Provided material:
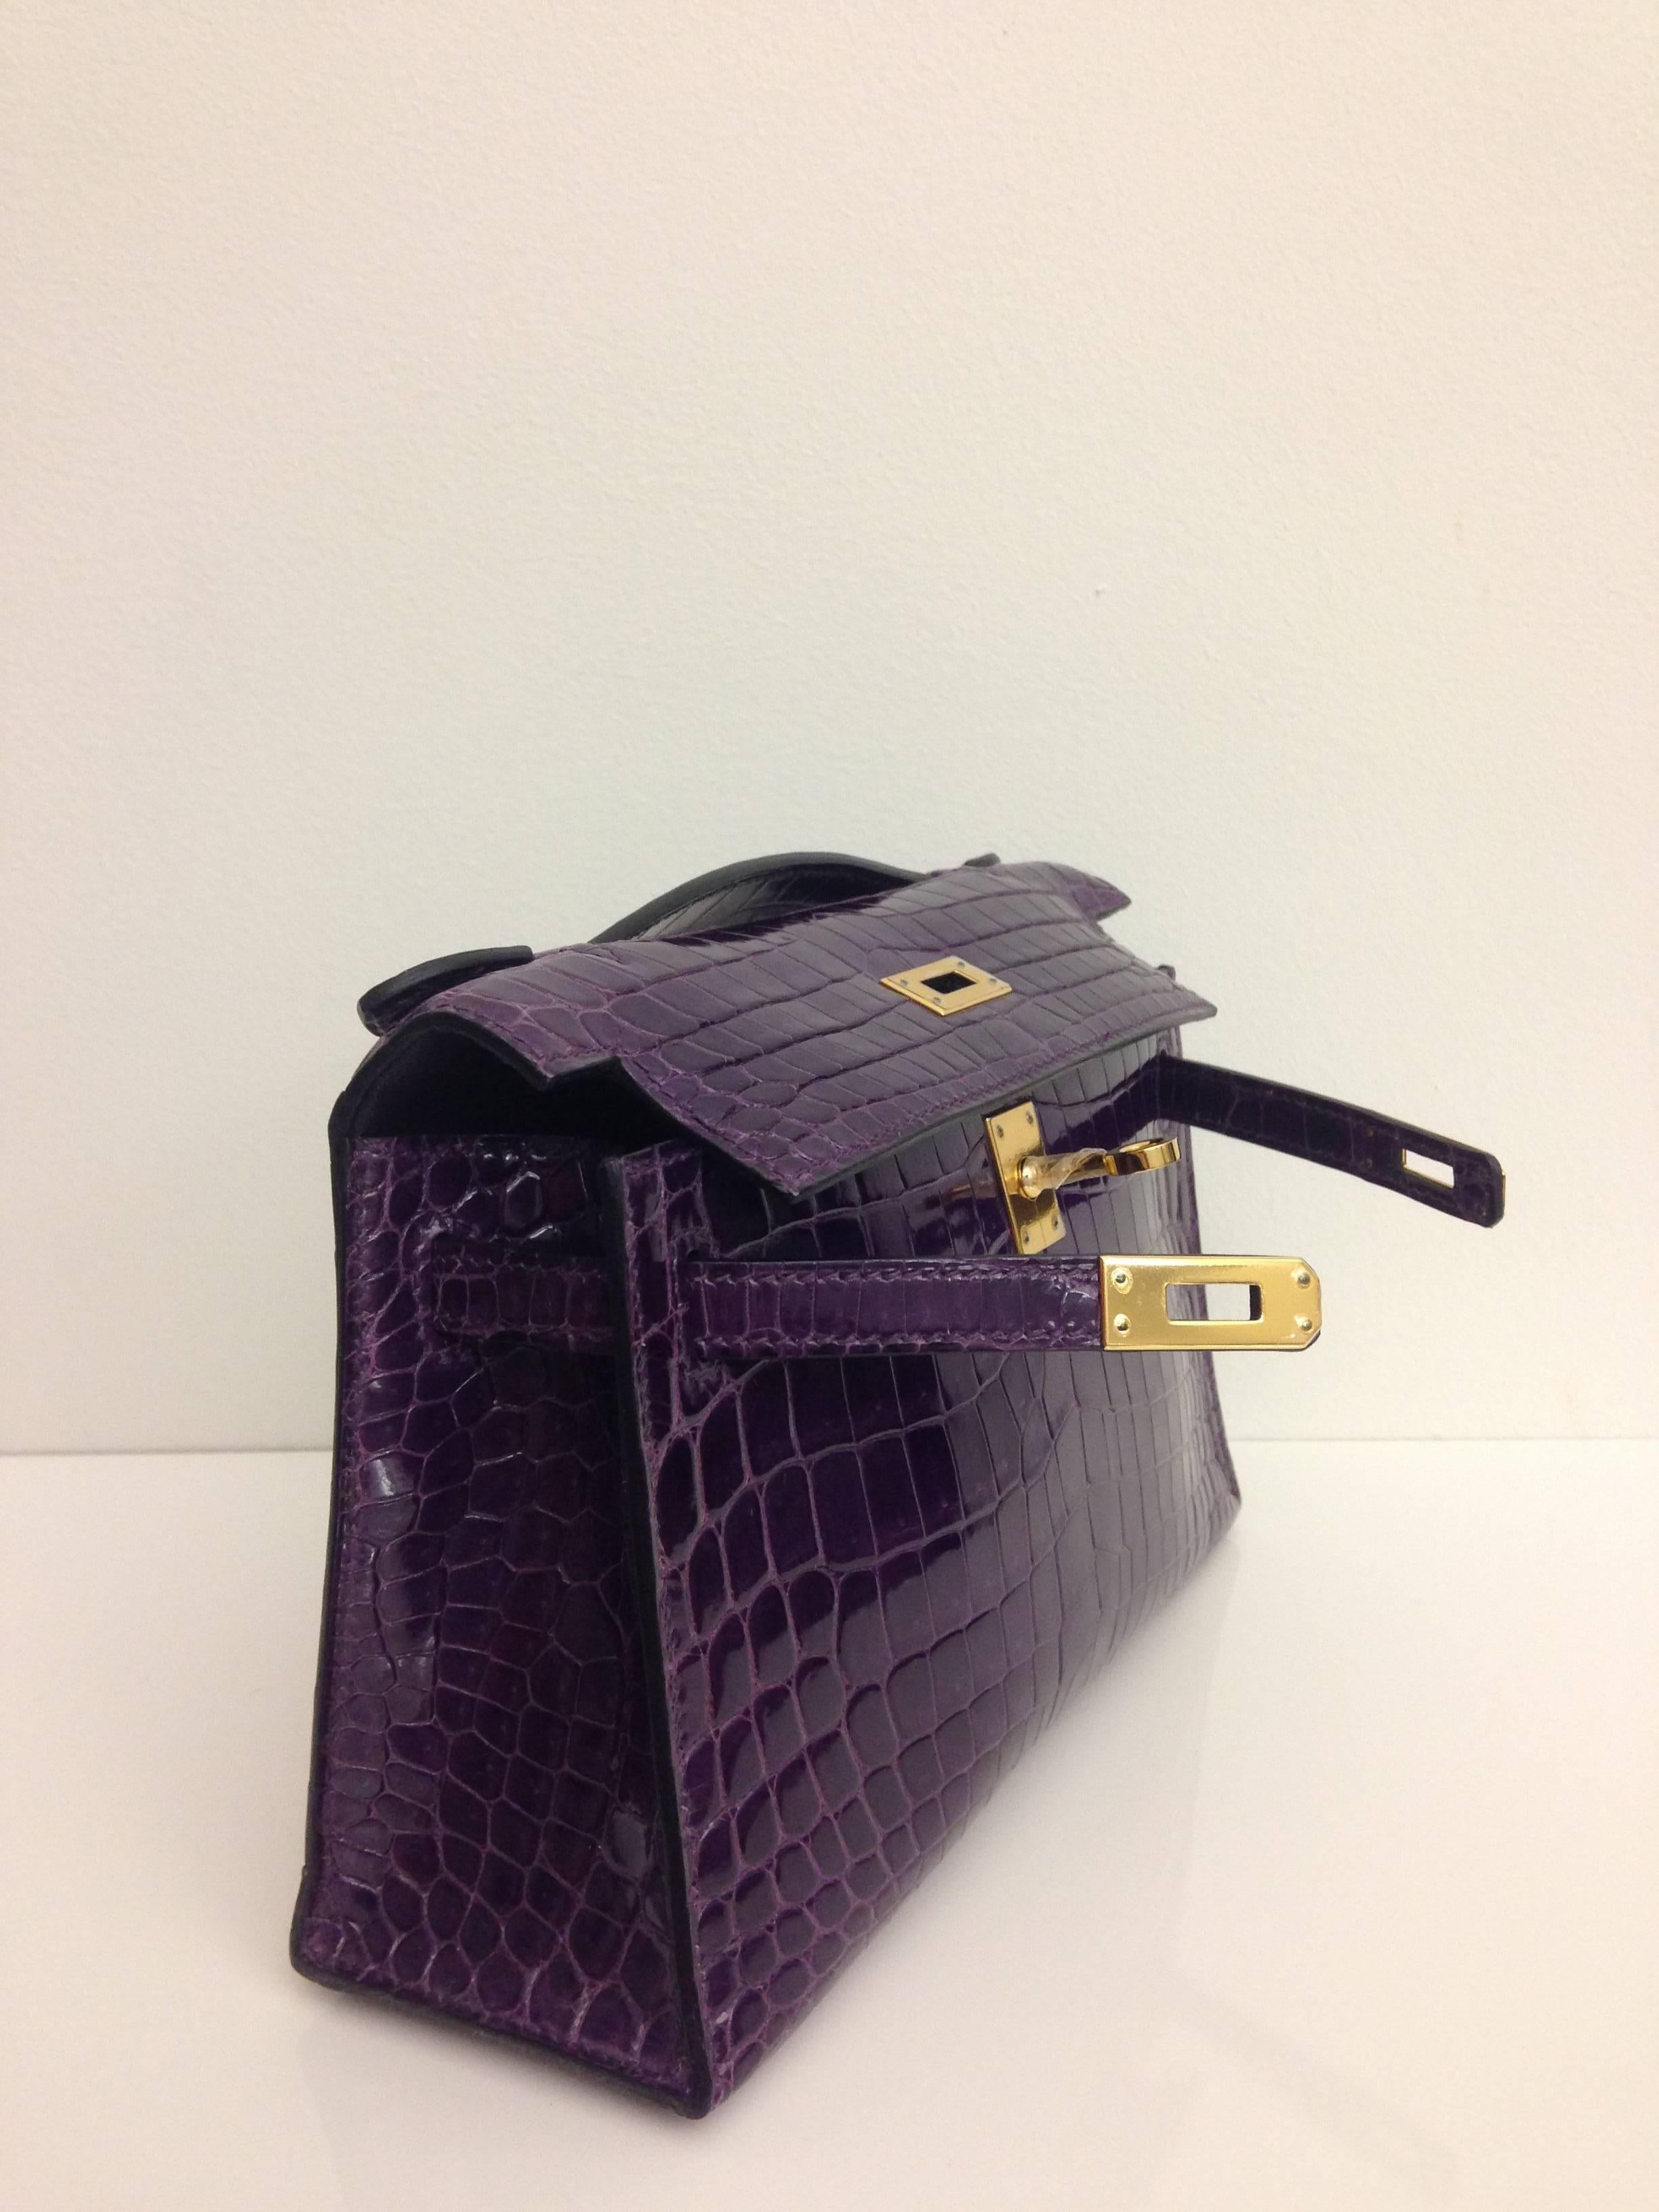 Hermes, Kelly Pochette bag, Colour Amethyste, Shiny Crocodile skin - Alligator, Gold Hardware.

This Bag comes with a box, dustbag and manual 
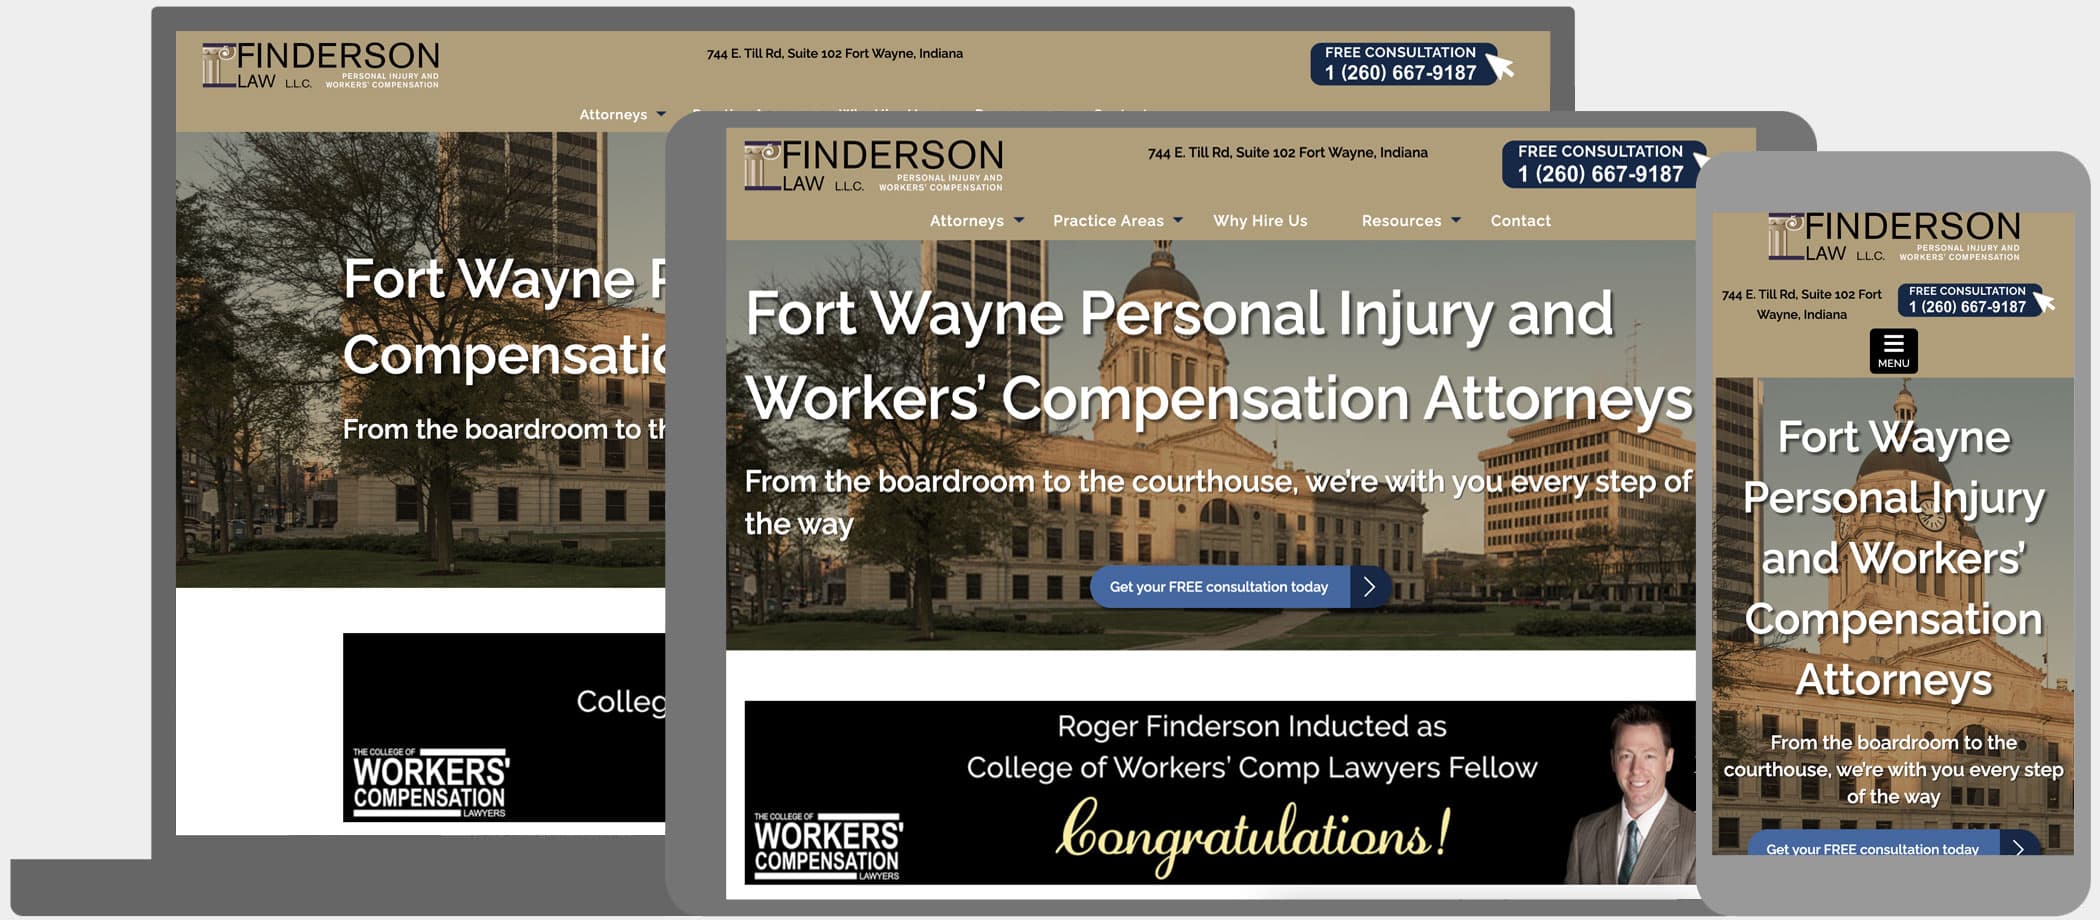 Finderson Law: Workers' comp attorney web design: customer focused content and design that increase leads and revenue.
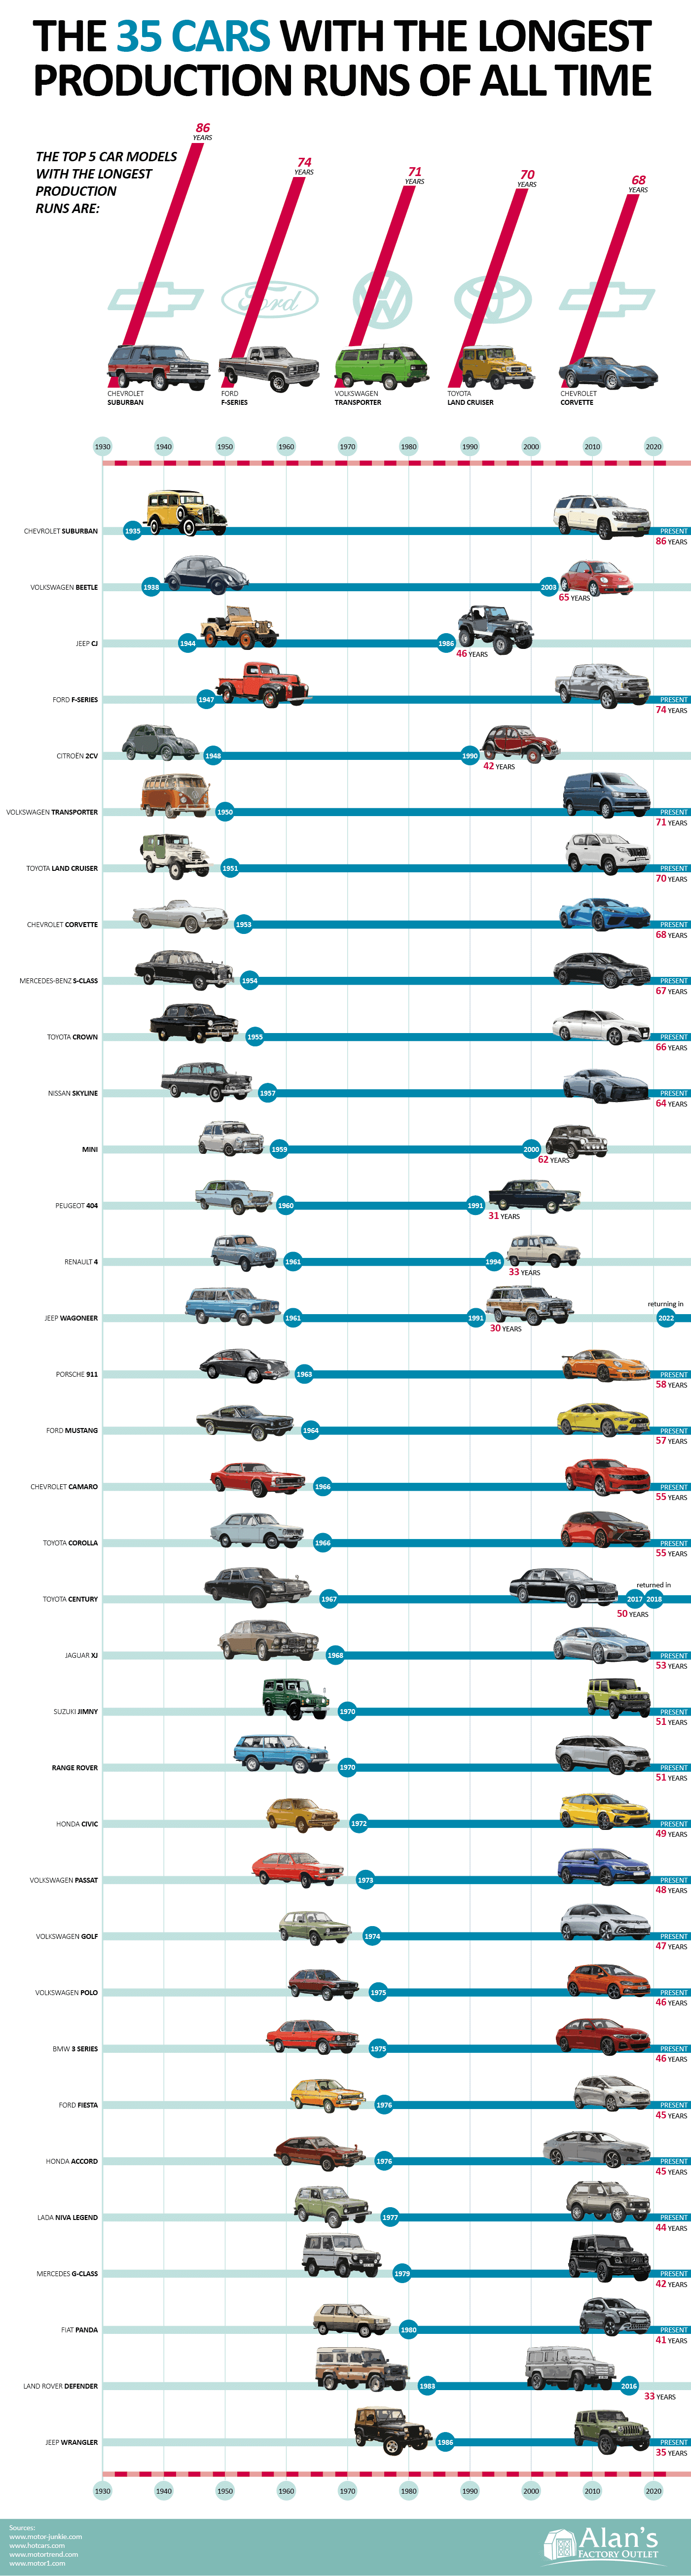 35 Cars With the Longest Production Runs

Task requirements: Word for word, retype the lines from the one that contains "This Bag comes" through the final line of the data, both ends included, excluding pictures.

Reply:
This Bag comes with a box, dustbag and manual 
 Finderson Law: Workers' comp attorney web design: customer focused content and design that increase leads and revenue.
 35 Cars With the Longest Production Runs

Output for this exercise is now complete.